Lectura de la primera carta de san Juan 2, 29—3, 6


 
Hijos míos:
Si ustedes saben que Dios es justo,
sepan también que todo el que practica la justicia
ha nacido de Él.
¡Miren cómo nos amó el Padre!
Quiso que nos llamáramos hijos de Dios,
y nosotros lo somos realmente.
Si el mundo no nos reconoce,
es porque no lo ha reconocido a Él.
Queridos míos,
desde ahora somos hijos de Dios,
y lo que seremos no se ha manifestado todavía.

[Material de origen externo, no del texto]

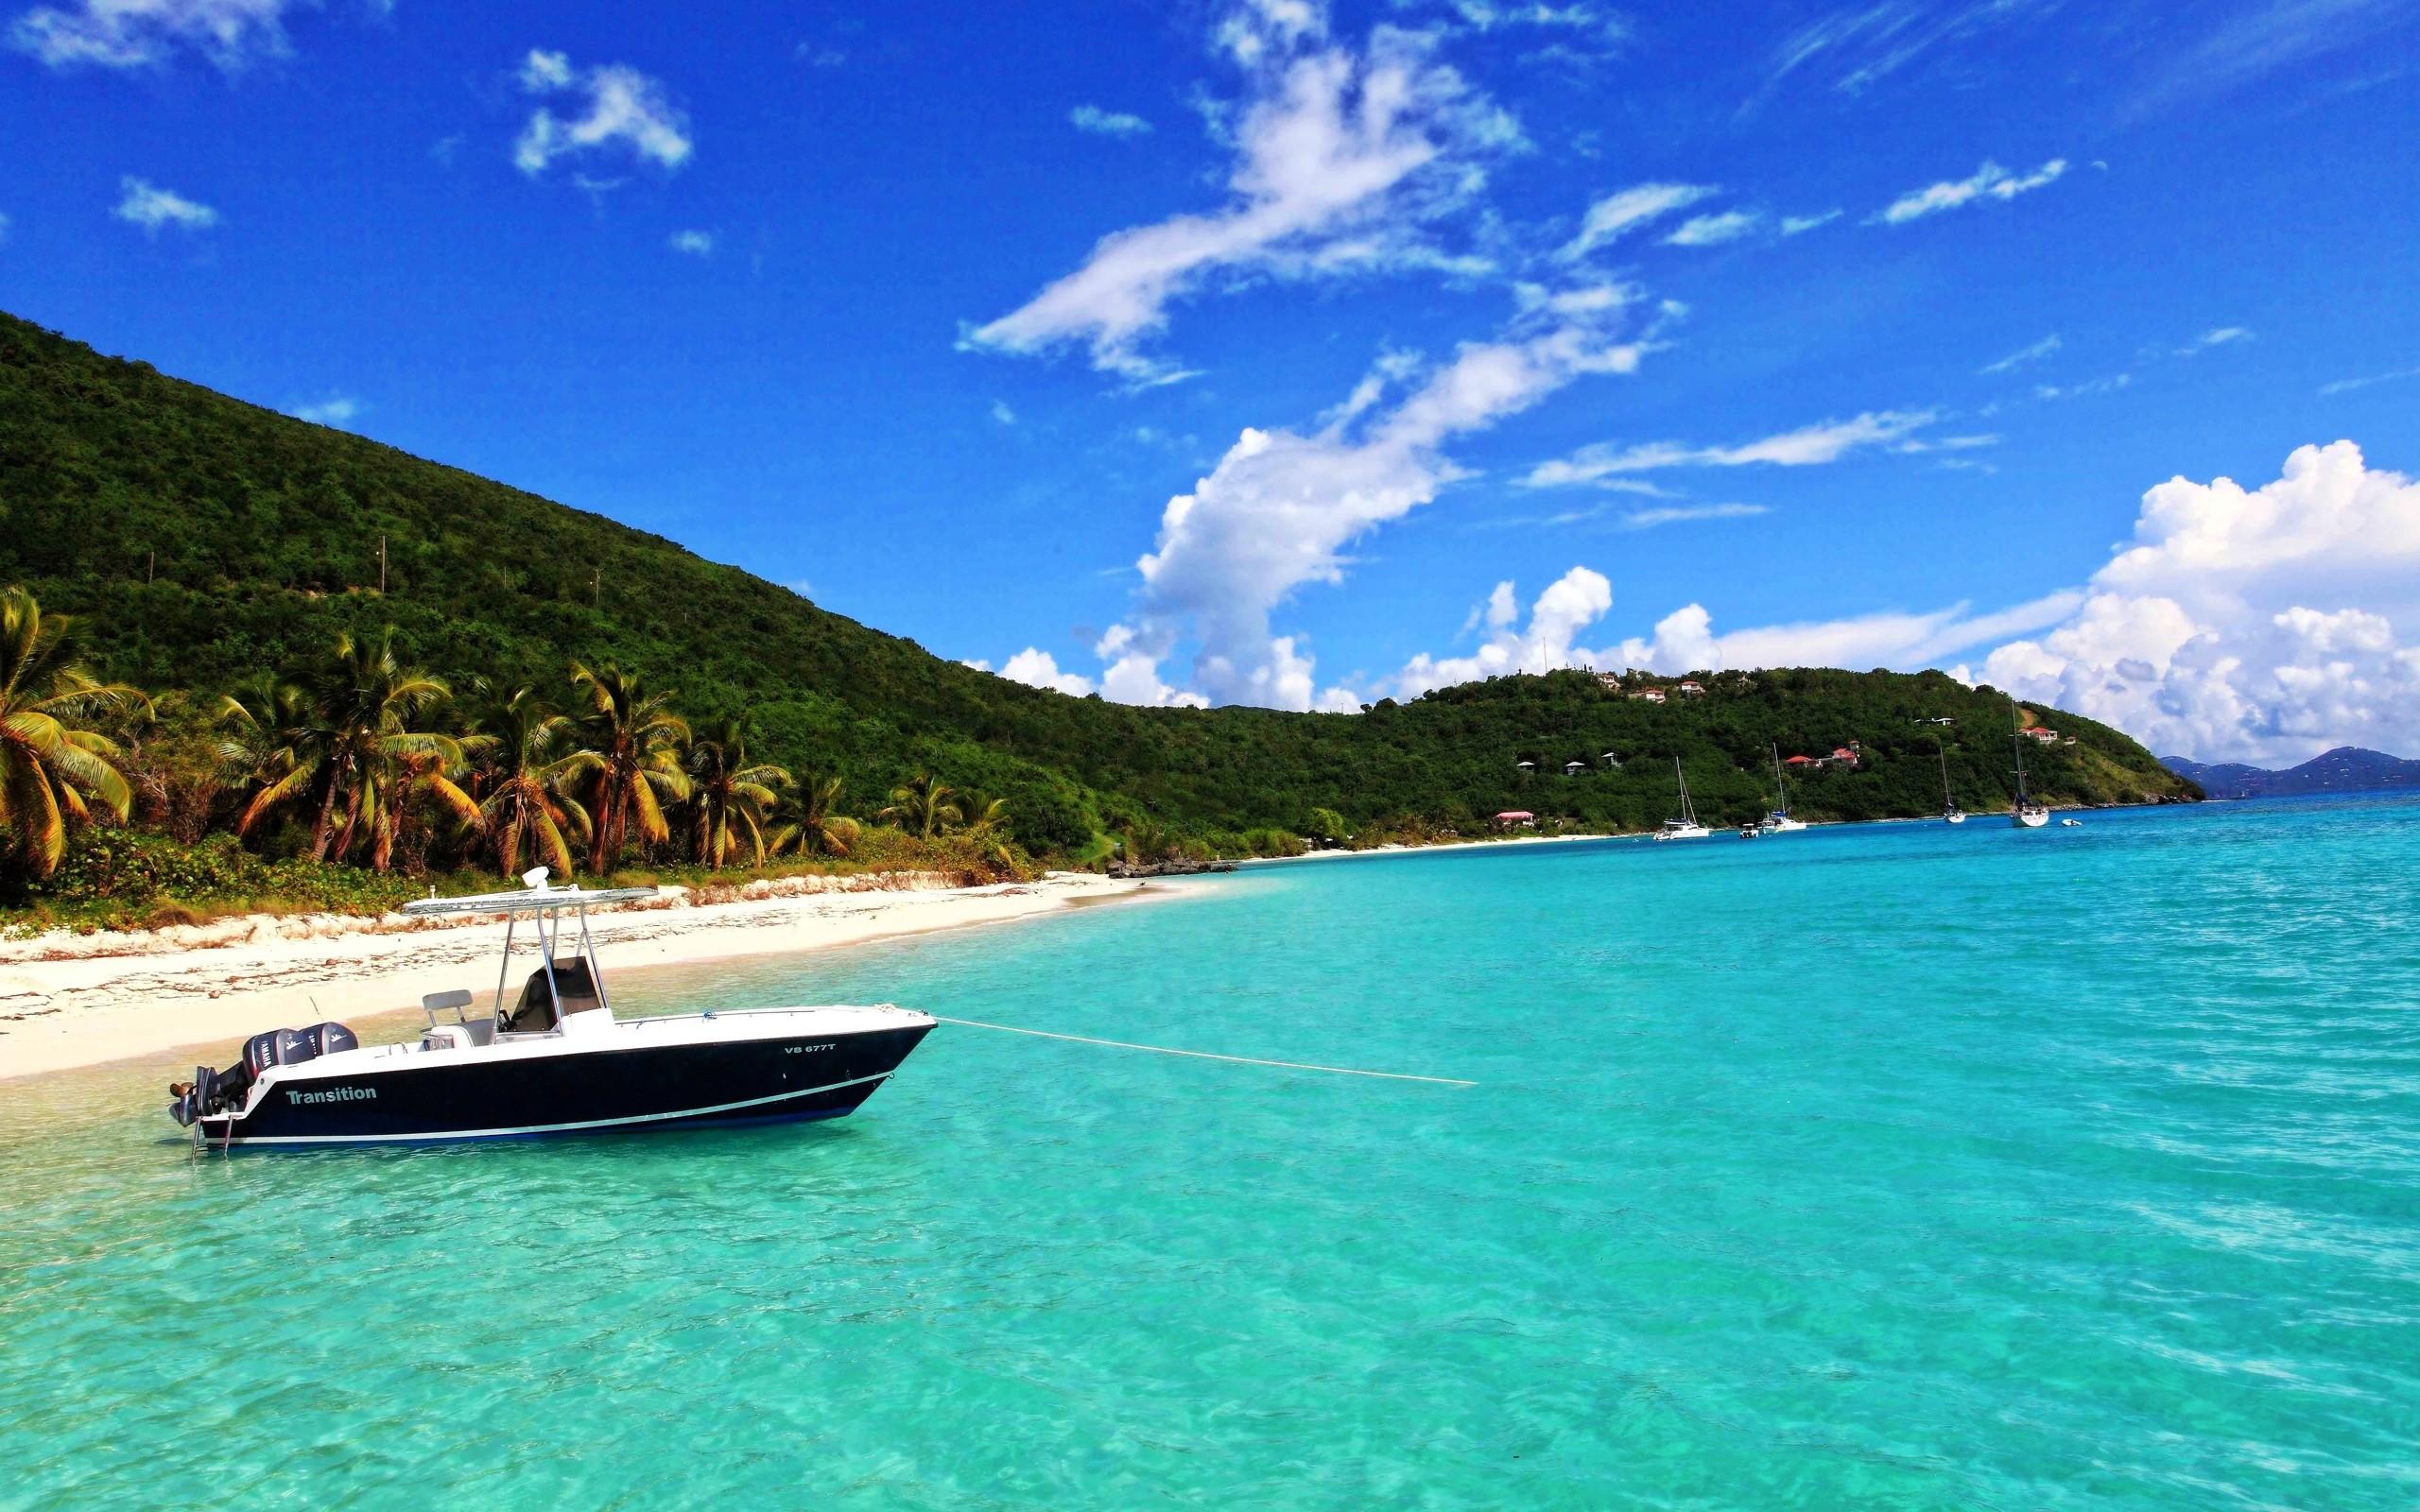 Boat on the Caribbean Island

Sabemos que cuando se manifieste,
seremos semejantes a Él,
porque lo veremos tal cual es.
El que tiene esta esperanza en Él, se purifica,
así como Él es puro.
El que comete el pecado comete también la iniquidad,
porque el pecado es la iniquidad.
Pero ustedes saben que Él se manifestó
para quitar los pecados,
y que Él no tiene pecado.
El que permanece en Él, no peca,
y el que peca no lo ha visto ni lo ha conocido.
 
Palabra de Dios.



 Llamarnos y ser hijos de Dios es la mejor gracia de la Navidad. Y la mejor noticia para empezar el año. A lo mejor somos personas débiles, con poca suerte, delicados de salud, sin grandes éxitos en la vida. Pero una cosa no nos la puede quitar nadie: Dios nos ama, nos conoce, nos ha hecho hijos suyos, y a pesar de nuestra debilidad y de nuestro pecado, nos sigue amando y nos destina a una eternidad de vida con él. Todo esto no se nota exteriormente. No notamos esta filiación como una situación espectacular o milagrosa. Como sus contemporáneos no reconocían en Jesús al Hijo de Dios. Pero eso son los misterios de Dios: de verdad somos hijos suyos, y aún estamos destinados a una plenitud de vida mayor que la que tenemos ahora. En medio de las tinieblas ha brillado una luz, ha entrado Dios y nos ha hecho de su familia: no puede ser que sigamos en la desesperanza o en la oscuridad.